The above definition takes a particular view on the formalization of the role of the integrity constraints $\mathit{IC}$ as restrictions on the possible abductive solutions. It requires that these are entailed by the logic program extended with an abductive solution, thus meaning that in any model of the extended logic program (which one can think of as an ensuing world given $\Delta$) the requirements of the integrity constraints are met. In some cases this may be unnecessarily strong and the weaker requirement of consistency, namely that $P \cup \mathit{IC} \cup \Delta$ is consistent, can be sufficient, meaning that there exists at least one model (possible ensuing world) of the extended program where the integrity constraints hold. In practice, in many cases, these two ways of formalizing the role of the integrity constraints coincide as the logic program and its extensions always have a unique model. Many of the ALP systems use the entailment view of the integrity constraints as this can be easily implemented without the need for any extra specialized procedures for the satisfaction of the integrity constraints since this view treats the constraints in the same way as the problem goal.

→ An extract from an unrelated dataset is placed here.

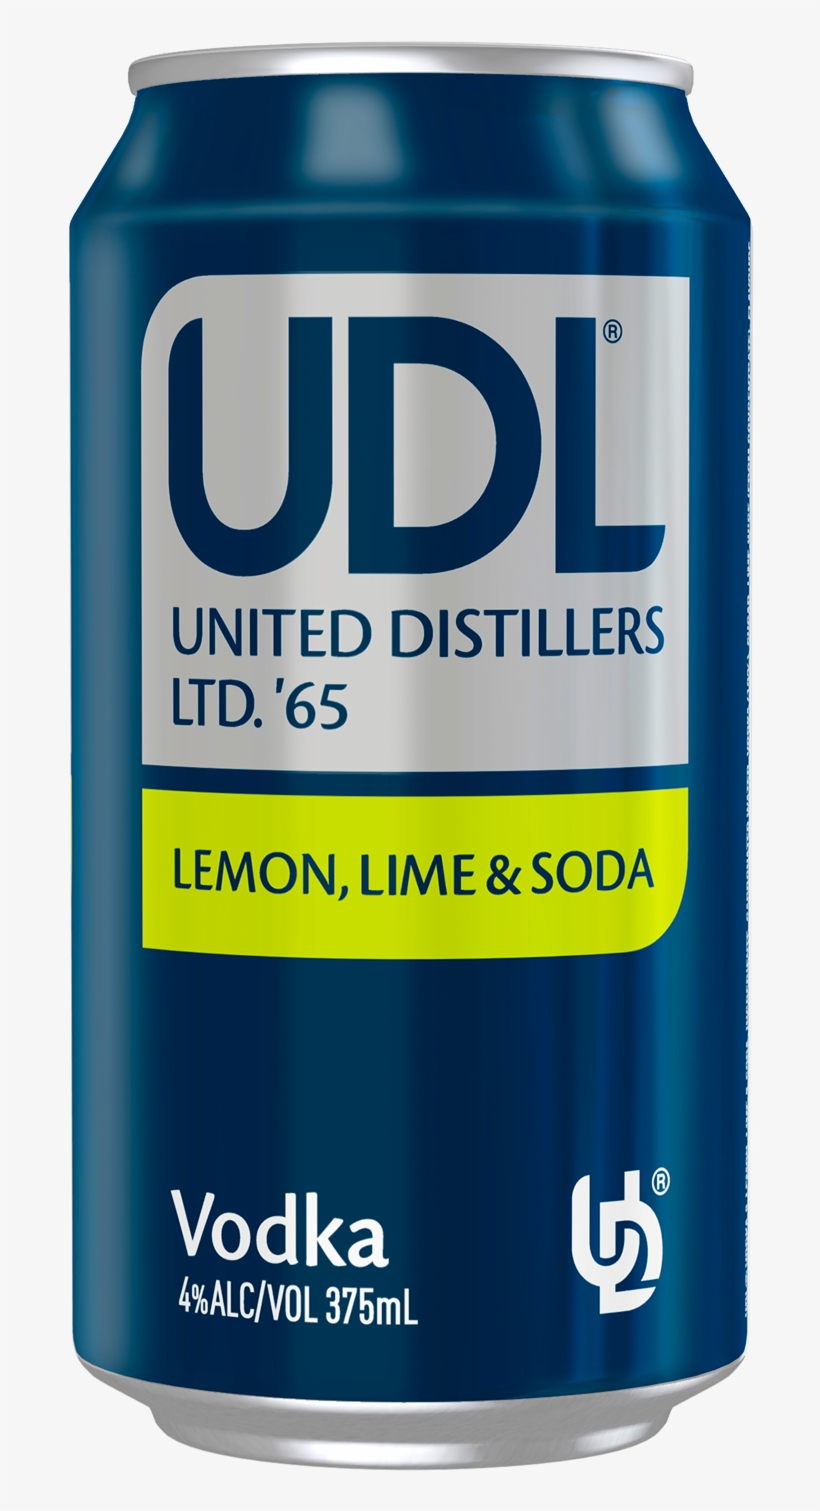 Udl Vodka Lemon Lime & Soda Cans 375ml - Udl Vodka Lemon Lime & Soda Cans, transparent png #804861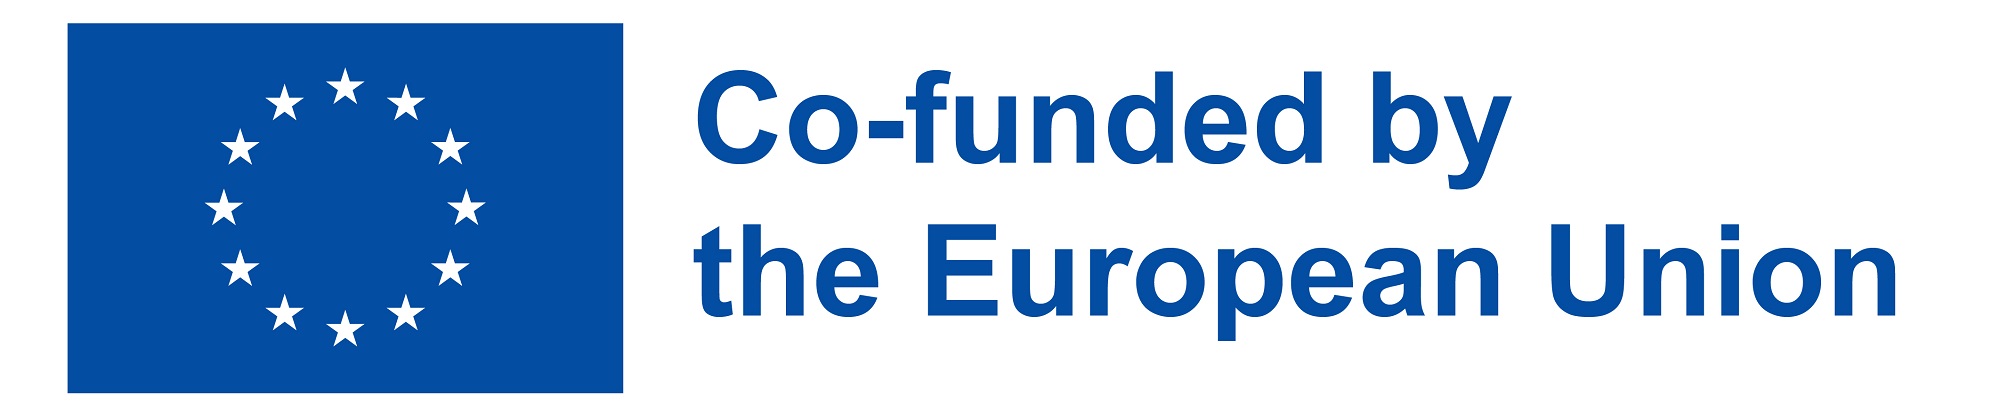 Euroopan unionin sininen lippu jossa valkoisia tähtiä ympyrässä. Kuvassa teksti co-funded by the European Union.

In many practical cases, the third condition in this formal definition of an abductive explanation in ALP is either trivially satisfied or it is contained in the second condition via the use of specific integrity constraints that capture consistency.

==Implementation and systems==
Most of the implementations of ALP extend the SLD resolution-based computational model of logic programming. ALP can also be implemented by means of its link with Answer Set Programming (ASP), where the ASP systems can be employed. Examples of systems of the former approach are ACLP, A-system, CIFF, SCIFF, ABDUAL and ProLogICA.